Resource icon

The path to success for block storage

jgreco

Resident Grinch
Joined
May 29, 2011
Messages
18,680
No, RAIDZ will not work better, and it isn't an unusual use case anyways. RAIDZ has a lot of baggage with it in the form of block size selection and parity use.

If you don't care about data integrity other than maybe to notice something amiss, just stripe all the disks.

100gigE isn't likely to be a useful thing for you. The fastest modern disks can sustain an average of about 200Mbytes/sec doing sequential access which is ballpark 2Gbits/sec, so you have a theoretical max of 14 * 2Gbps = 28Gbps. You won't be seeing that most of the time, but certainly 10GbE would be fine and 40 seems justifiable.
 

Sirius

Dabbler
Joined
Mar 1, 2018
Messages
41
Hmm, fair enough. I'll stick with mirrors then as I can afford the wasted space for a bit of integrity.

I would have thought 100gigE would take advantage of an Optane based L2ARC, or even regular ARC assuming a system with RAM/ARC that's fast enough.
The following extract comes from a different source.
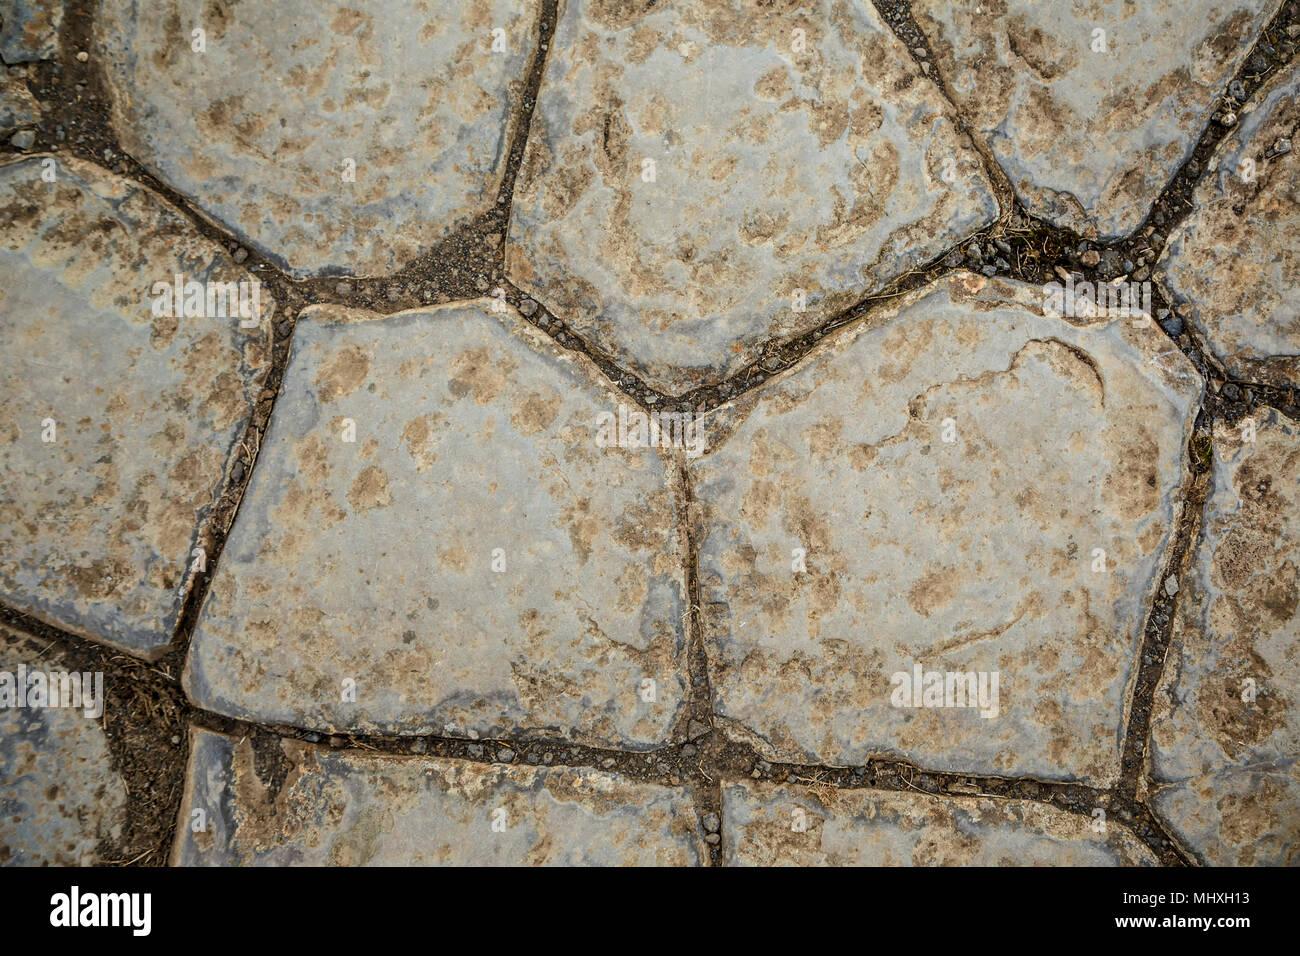 The Church Floor (Kirkjugolfid) columnar basalt outcrop, Kirkjubaejklastur, Iceland - Stock Image
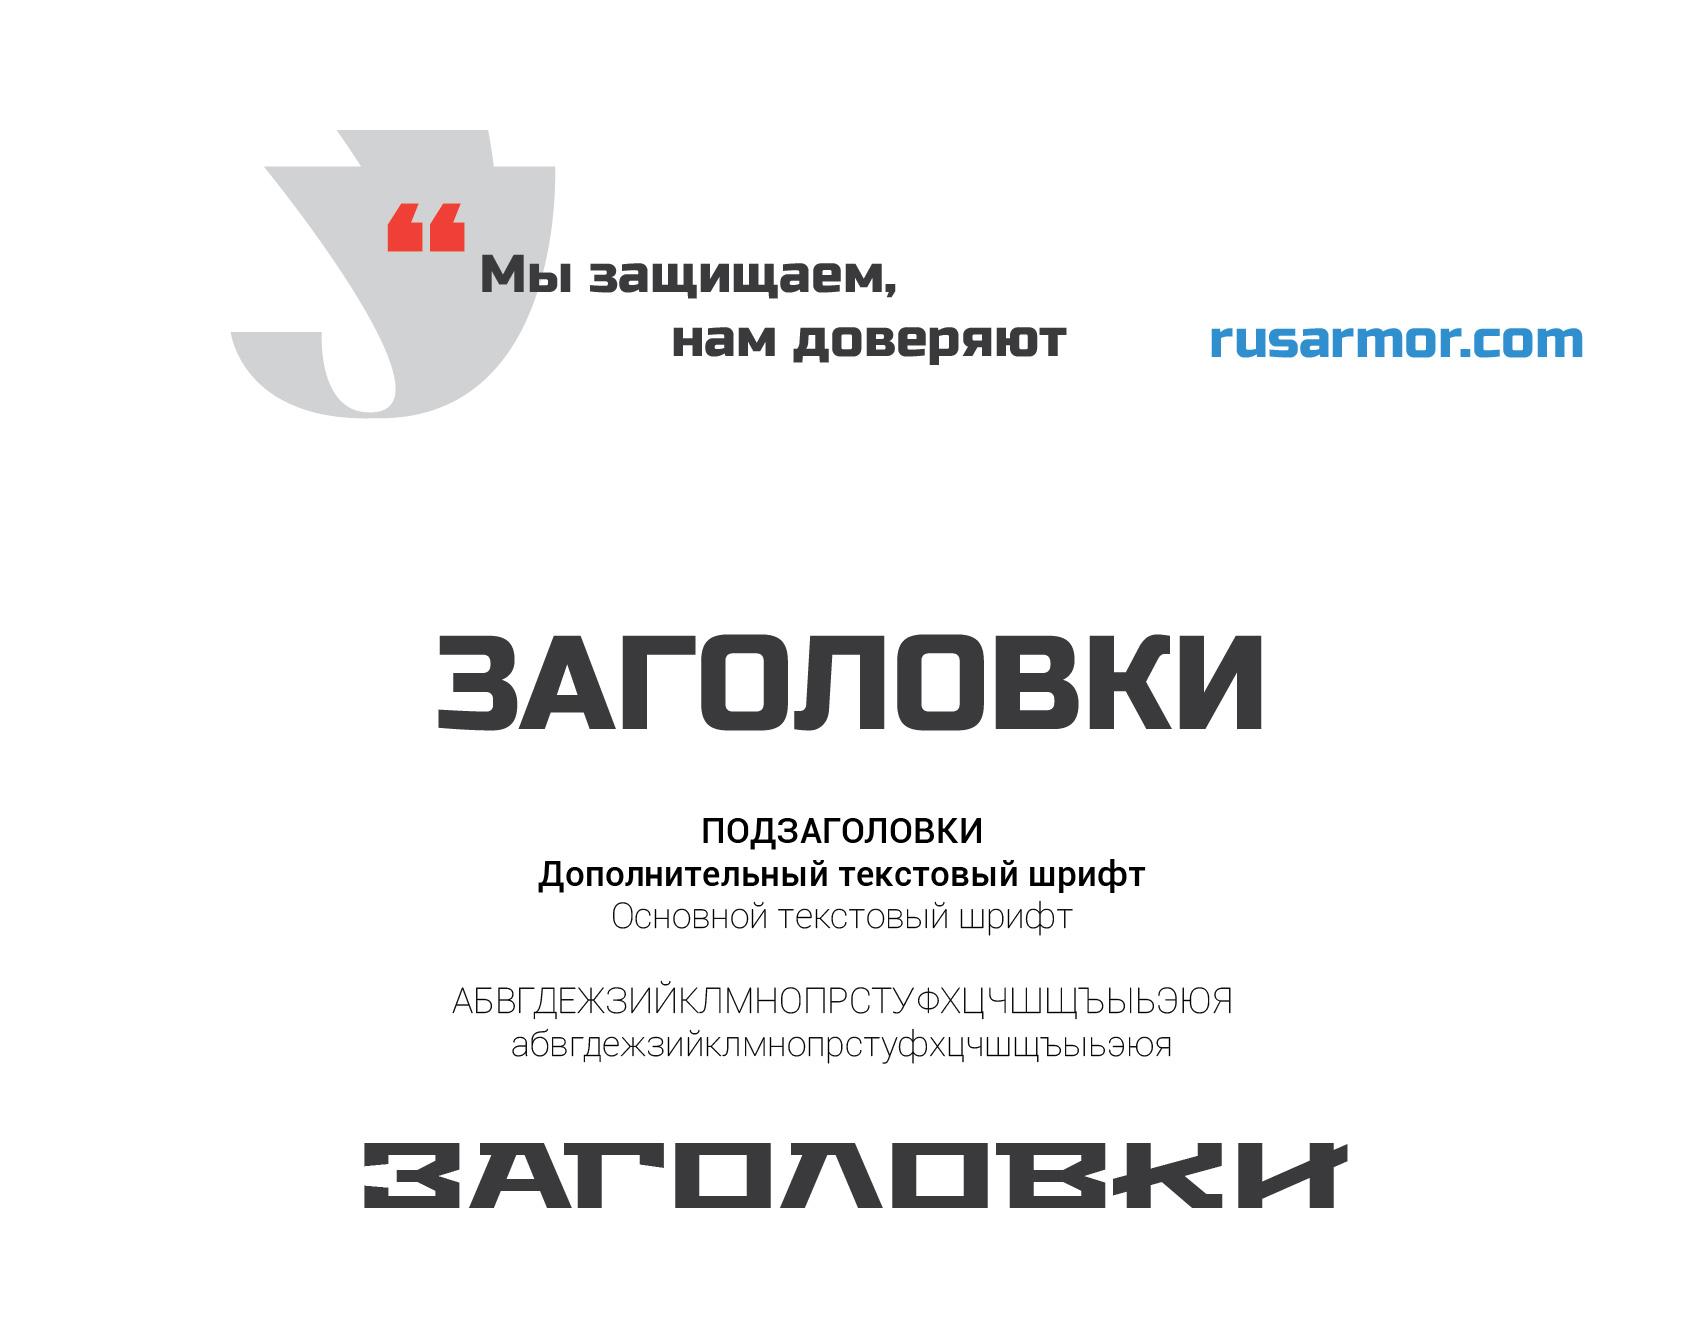 Разработка логотипа технологического стартапа РУСАРМОР фото f_1855a0acc398a7ab.jpg

One Optane 900p will do 2500MB/s, so 4 together (assuming perfect scaling - which won't happen) would be 10000 MB/sec, so with 8 of those Optanes in a striped L2ARC that'd be a theoretical 20000MB/sec (again assuming perfect scaling), which is above the 10GB/sec theoretical a 100gigE connection can manage.

Of course, that depends on all that data fitting in to L2ARC, but 8 striped 280GB Optane would be 2.2TB of L2ARC (assuming no overprovisioning) and there's no way the working set would fill all of that. The system also has 128GB 1866mhz ECC memory in quad channel, so regular ARC should hold quite a bit of hot data too.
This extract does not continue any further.